Segment Start: Dataset

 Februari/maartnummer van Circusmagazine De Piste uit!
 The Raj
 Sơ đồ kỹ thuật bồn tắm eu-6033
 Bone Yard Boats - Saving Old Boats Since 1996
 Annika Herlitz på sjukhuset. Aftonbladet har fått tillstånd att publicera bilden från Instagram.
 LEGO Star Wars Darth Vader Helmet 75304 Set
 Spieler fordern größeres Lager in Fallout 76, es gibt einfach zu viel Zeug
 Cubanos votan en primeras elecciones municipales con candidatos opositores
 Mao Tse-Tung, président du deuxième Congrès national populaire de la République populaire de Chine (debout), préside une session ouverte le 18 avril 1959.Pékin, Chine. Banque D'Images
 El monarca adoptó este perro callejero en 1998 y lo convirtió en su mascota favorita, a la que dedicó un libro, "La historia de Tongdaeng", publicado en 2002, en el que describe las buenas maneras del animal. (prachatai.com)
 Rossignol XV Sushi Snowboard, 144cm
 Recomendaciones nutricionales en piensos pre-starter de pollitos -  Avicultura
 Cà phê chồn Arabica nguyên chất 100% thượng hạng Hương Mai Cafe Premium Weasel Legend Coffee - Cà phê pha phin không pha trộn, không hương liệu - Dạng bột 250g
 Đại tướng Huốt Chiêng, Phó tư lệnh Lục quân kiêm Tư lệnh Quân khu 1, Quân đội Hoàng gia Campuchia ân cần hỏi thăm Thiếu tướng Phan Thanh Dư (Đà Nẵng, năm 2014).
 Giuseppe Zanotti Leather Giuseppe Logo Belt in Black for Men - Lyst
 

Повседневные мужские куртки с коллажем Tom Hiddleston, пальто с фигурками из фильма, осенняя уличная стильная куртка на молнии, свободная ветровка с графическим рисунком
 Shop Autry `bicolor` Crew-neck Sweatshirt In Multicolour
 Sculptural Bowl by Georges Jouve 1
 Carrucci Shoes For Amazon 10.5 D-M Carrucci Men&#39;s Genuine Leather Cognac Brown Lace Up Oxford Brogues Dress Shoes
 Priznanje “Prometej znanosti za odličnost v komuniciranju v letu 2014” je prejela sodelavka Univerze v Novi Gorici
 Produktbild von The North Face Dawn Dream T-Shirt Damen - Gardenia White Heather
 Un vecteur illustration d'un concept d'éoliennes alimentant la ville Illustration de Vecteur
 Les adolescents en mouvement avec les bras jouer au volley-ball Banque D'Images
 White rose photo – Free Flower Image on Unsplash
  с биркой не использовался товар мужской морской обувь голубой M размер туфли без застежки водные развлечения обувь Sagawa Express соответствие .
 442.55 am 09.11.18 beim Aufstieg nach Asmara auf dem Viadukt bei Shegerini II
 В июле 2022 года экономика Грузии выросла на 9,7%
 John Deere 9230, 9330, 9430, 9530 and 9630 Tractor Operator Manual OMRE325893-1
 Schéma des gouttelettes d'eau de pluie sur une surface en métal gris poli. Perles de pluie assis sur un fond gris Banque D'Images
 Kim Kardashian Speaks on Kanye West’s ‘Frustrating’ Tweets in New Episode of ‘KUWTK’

Segment End: Dataset

● **What to do**
In full and verbatim, repeat the records given above.

● **Solution for this problem**
 Februari/maartnummer van Circusmagazine De Piste uit!
 The Raj
 Sơ đồ kỹ thuật bồn tắm eu-6033
 Bone Yard Boats - Saving Old Boats Since 1996
 Annika Herlitz på sjukhuset. Aftonbladet har fått tillstånd att publicera bilden från Instagram.
 LEGO Star Wars Darth Vader Helmet 75304 Set
 Spieler fordern größeres Lager in Fallout 76, es gibt einfach zu viel Zeug
 Cubanos votan en primeras elecciones municipales con candidatos opositores
 Mao Tse-Tung, président du deuxième Congrès national populaire de la République populaire de Chine (debout), préside une session ouverte le 18 avril 1959.Pékin, Chine. Banque D'Images
 El monarca adoptó este perro callejero en 1998 y lo convirtió en su mascota favorita, a la que dedicó un libro, "La historia de Tongdaeng", publicado en 2002, en el que describe las buenas maneras del animal. (prachatai.com)
 Rossignol XV Sushi Snowboard, 144cm
 Recomendaciones nutricionales en piensos pre-starter de pollitos -  Avicultura
 Cà phê chồn Arabica nguyên chất 100% thượng hạng Hương Mai Cafe Premium Weasel Legend Coffee - Cà phê pha phin không pha trộn, không hương liệu - Dạng bột 250g
 Đại tướng Huốt Chiêng, Phó tư lệnh Lục quân kiêm Tư lệnh Quân khu 1, Quân đội Hoàng gia Campuchia ân cần hỏi thăm Thiếu tướng Phan Thanh Dư (Đà Nẵng, năm 2014).
 Giuseppe Zanotti Leather Giuseppe Logo Belt in Black for Men - Lyst
 

Повседневные мужские куртки с коллажем Tom Hiddleston, пальто с фигурками из фильма, осенняя уличная стильная куртка на молнии, свободная ветровка с графическим рисунком
 Shop Autry `bicolor` Crew-neck Sweatshirt In Multicolour
 Sculptural Bowl by Georges Jouve 1
 Carrucci Shoes For Amazon 10.5 D-M Carrucci Men&#39;s Genuine Leather Cognac Brown Lace Up Oxford Brogues Dress Shoes
 Priznanje “Prometej znanosti za odličnost v komuniciranju v letu 2014” je prejela sodelavka Univerze v Novi Gorici
 Produktbild von The North Face Dawn Dream T-Shirt Damen - Gardenia White Heather
 Un vecteur illustration d'un concept d'éoliennes alimentant la ville Illustration de Vecteur
 Les adolescents en mouvement avec les bras jouer au volley-ball Banque D'Images
 White rose photo – Free Flower Image on Unsplash
  с биркой не использовался товар мужской морской обувь голубой M размер туфли без застежки водные развлечения обувь Sagawa Express соответствие .
 442.55 am 09.11.18 beim Aufstieg nach Asmara auf dem Viadukt bei Shegerini II
 В июле 2022 года экономика Грузии выросла на 9,7%
 John Deere 9230, 9330, 9430, 9530 and 9630 Tractor Operator Manual OMRE325893-1
 Schéma des gouttelettes d'eau de pluie sur une surface en métal gris poli. Perles de pluie assis sur un fond gris Banque D'Images
 Kim Kardashian Speaks on Kanye West’s ‘Frustrating’ Tweets in New Episode of ‘KUWTK’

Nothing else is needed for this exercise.